16.5 Relationship of the Parties. The Parties to this Agreement are independent contractors, and nothing contained in this Agreement shall be deemed or construed to create a partnership, joint venture, employment, franchise, agency or fiduciary relationship between the Parties.
16.6 Amendment; Waiver. Except as otherwise expressly provided in this Agreement, no amendment to this Agreement shall be effective unless made in writing and executed by an authorized representative of each Party. A Party’s failure to exercise, or delay in exercising, any right, power, privilege or remedy under this Agreement shall not (a) operate as a waiver thereof or (b) operate as a waiver of any other right, power, privilege or remedy. A waiver will be effective only upon the written consent of the Party granting such waiver.

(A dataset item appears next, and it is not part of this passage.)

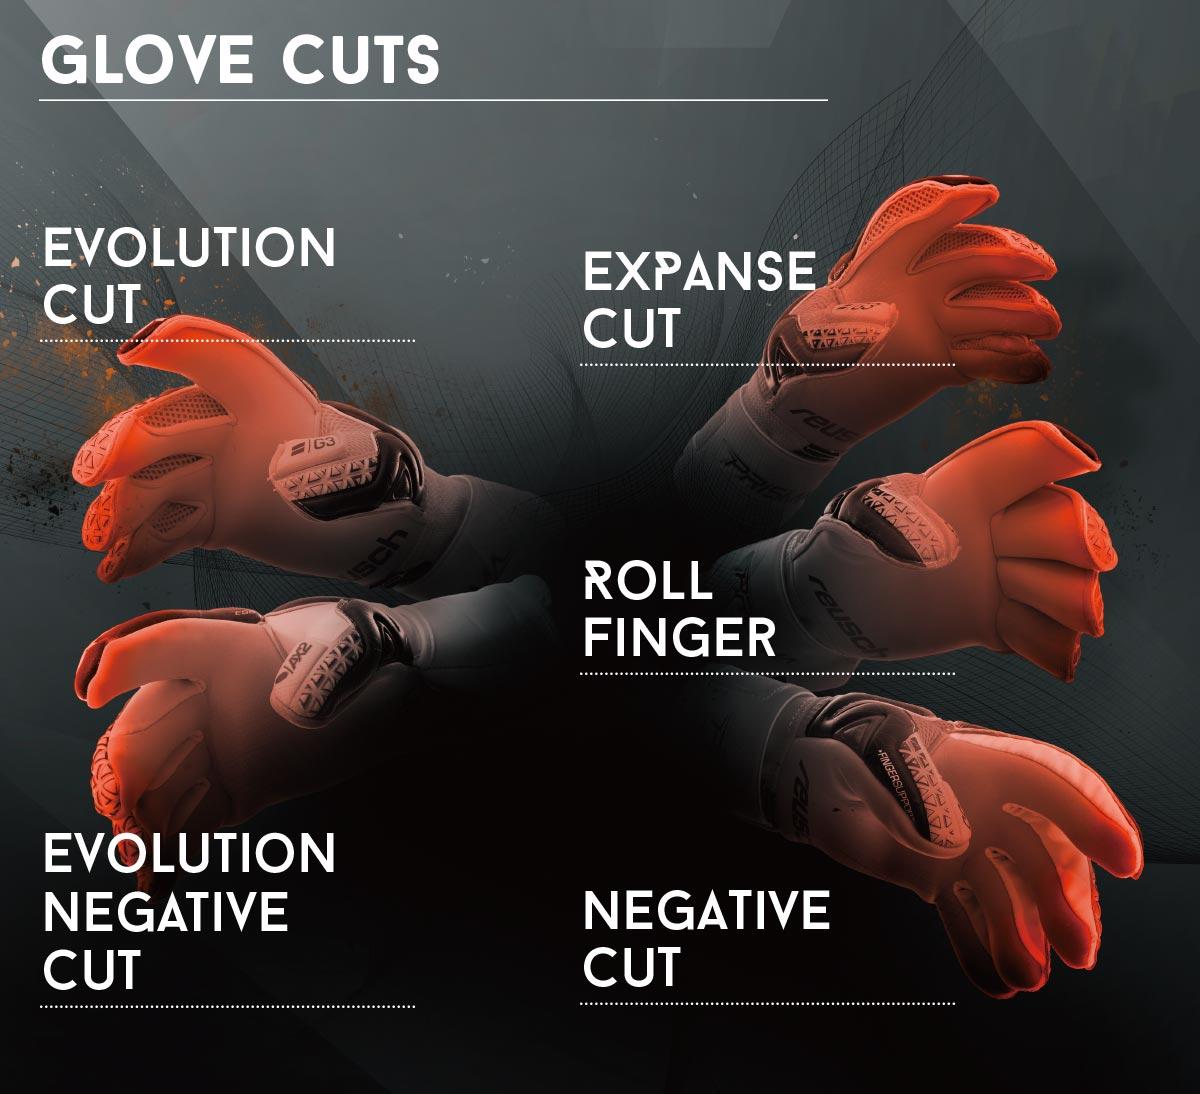 GLOVE CUTES

16.7 Construction; Captions. Each Party acknowledges that it participated in the negotiation and preparation of this Agreement and that it had the opportunity to consult with an attorney of its choice in connection therewith. Ambiguities, if any, in this Agreement shall not be construed against either Party, irrespective of which Party may be deemed to have drafted the Agreement or authorized the ambiguous provision. Capitalized terms defined in the singular shall include the plural and vice versa. The terms “includes” and “including” mean “includes, without limitation,” and “including, without limitation,” respectively. Titles, headings and other captions are for convenience only and shall not affect the meaning or interpretation of this Agreement.
16.8 Severability. If any of the provisions of this Agreement are held to be illegal, invalid or unenforceable, such illegal, invalid or unenforceable provisions shall be replaced by legal, valid and enforceable provisions that will achieve to the maximum extent possible the intent of the Parties, and the other provisions of this Agreement shall remain in full force and effect.
16.9 Entire Agreement. This Agreement, together with the Ancillary Agreements and the exhibits hereto, contain the entire understanding between the Parties with respect to the subject matter hereof and thereof and supersede and terminate all prior agreements, understandings and arrangements between the Parties with respect to such subject matter, whether written or oral.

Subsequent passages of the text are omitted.